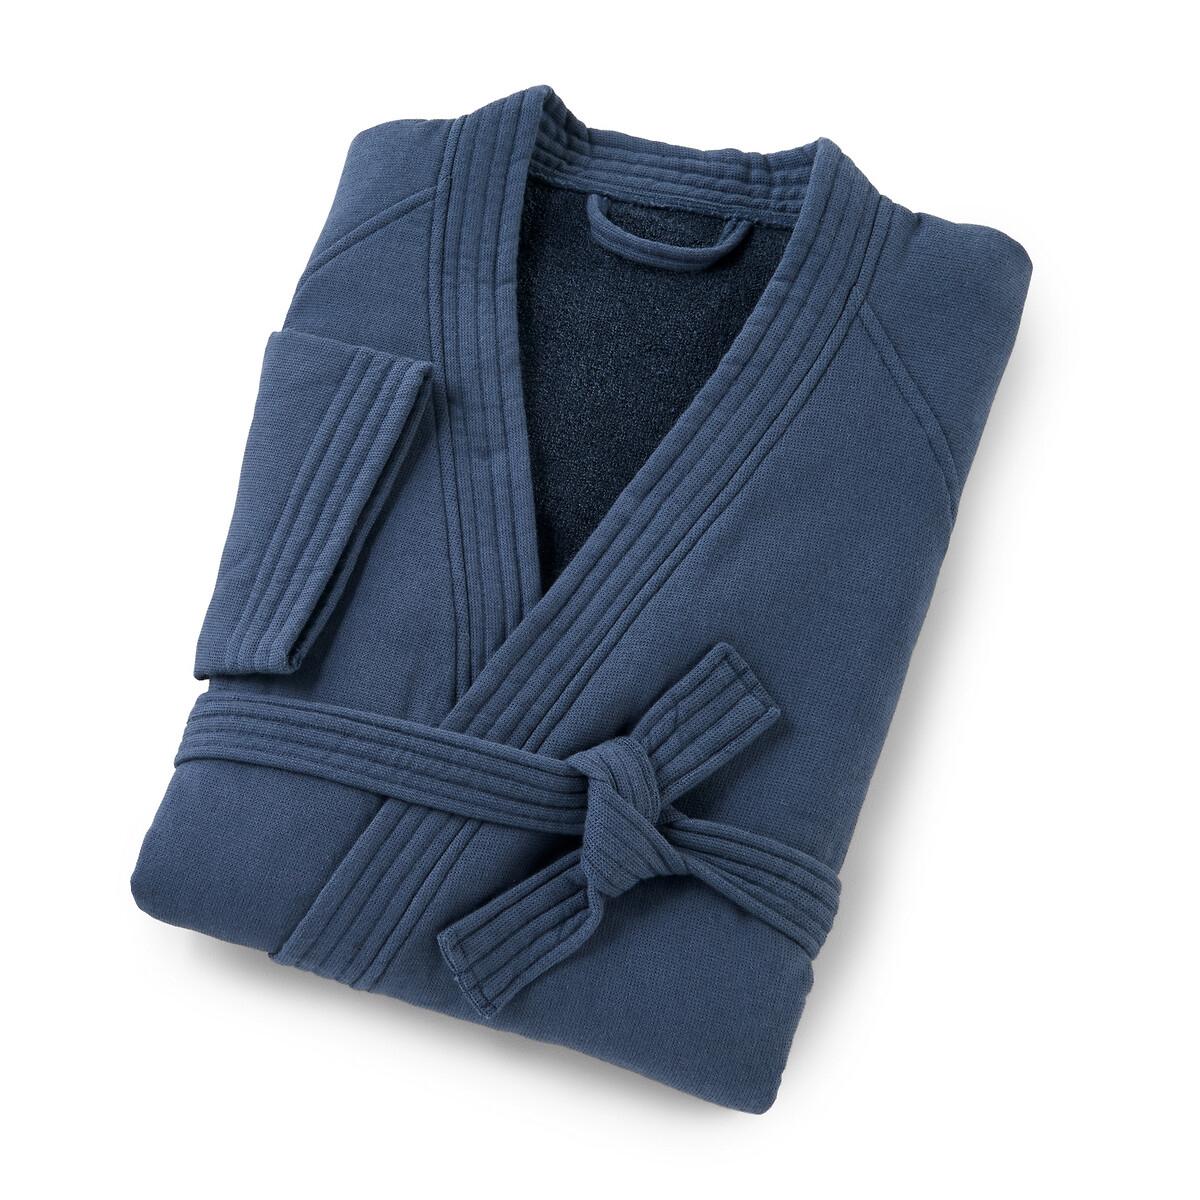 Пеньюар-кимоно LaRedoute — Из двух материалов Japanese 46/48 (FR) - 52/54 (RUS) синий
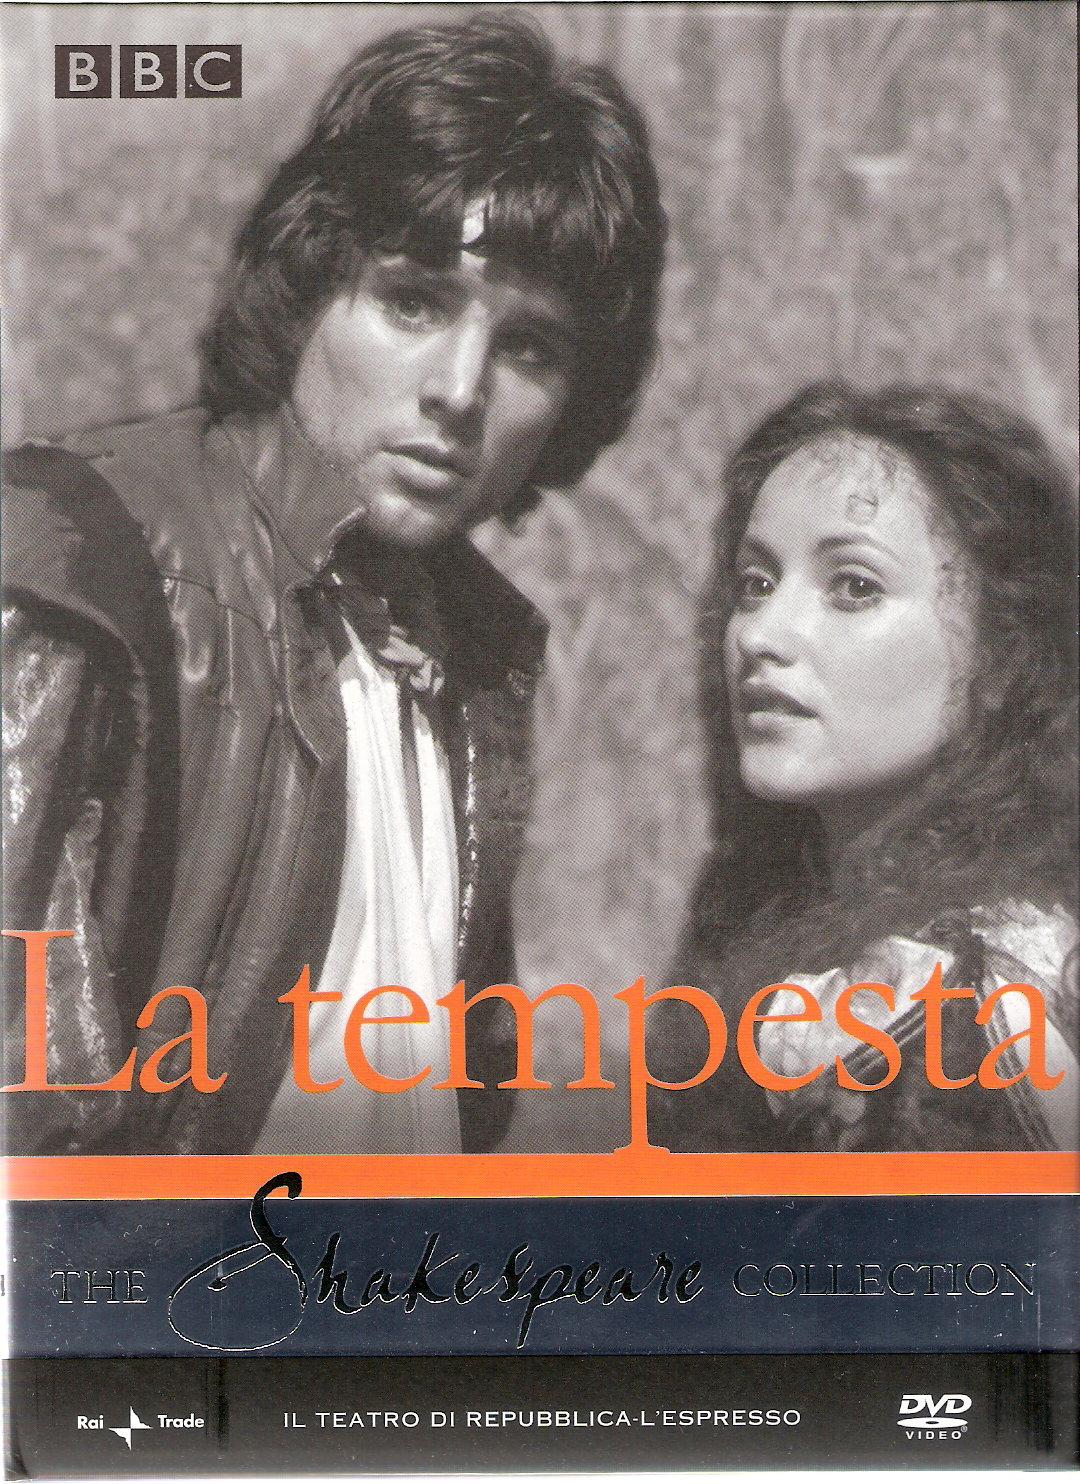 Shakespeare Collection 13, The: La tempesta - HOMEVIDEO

----------

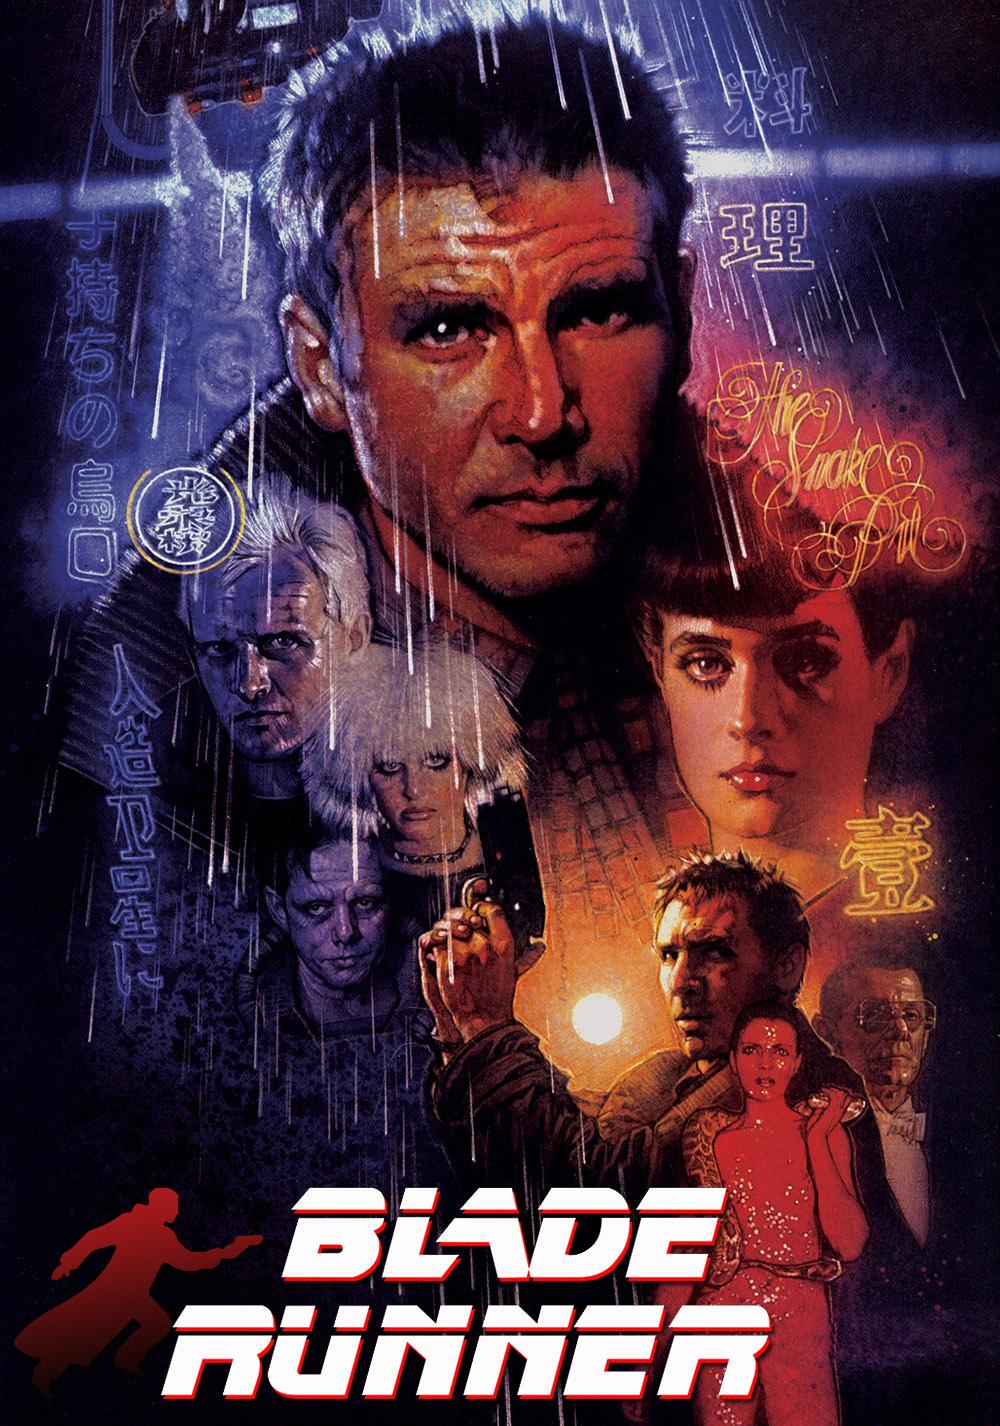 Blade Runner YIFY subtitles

----------

What you are asked to do — Whatever pictures the records hold, omit them; give again exactly the lines from the one containing "Пеньюар-кимоно LaRedoute —" through the one containing "Shakespeare Collection 13, The: La".

Written response —
 Пеньюар-кимоно LaRedoute — Из двух материалов Japanese 46/48 (FR) - 52/54 (RUS) синий
 Shakespeare Collection 13, The: La tempesta - HOMEVIDEO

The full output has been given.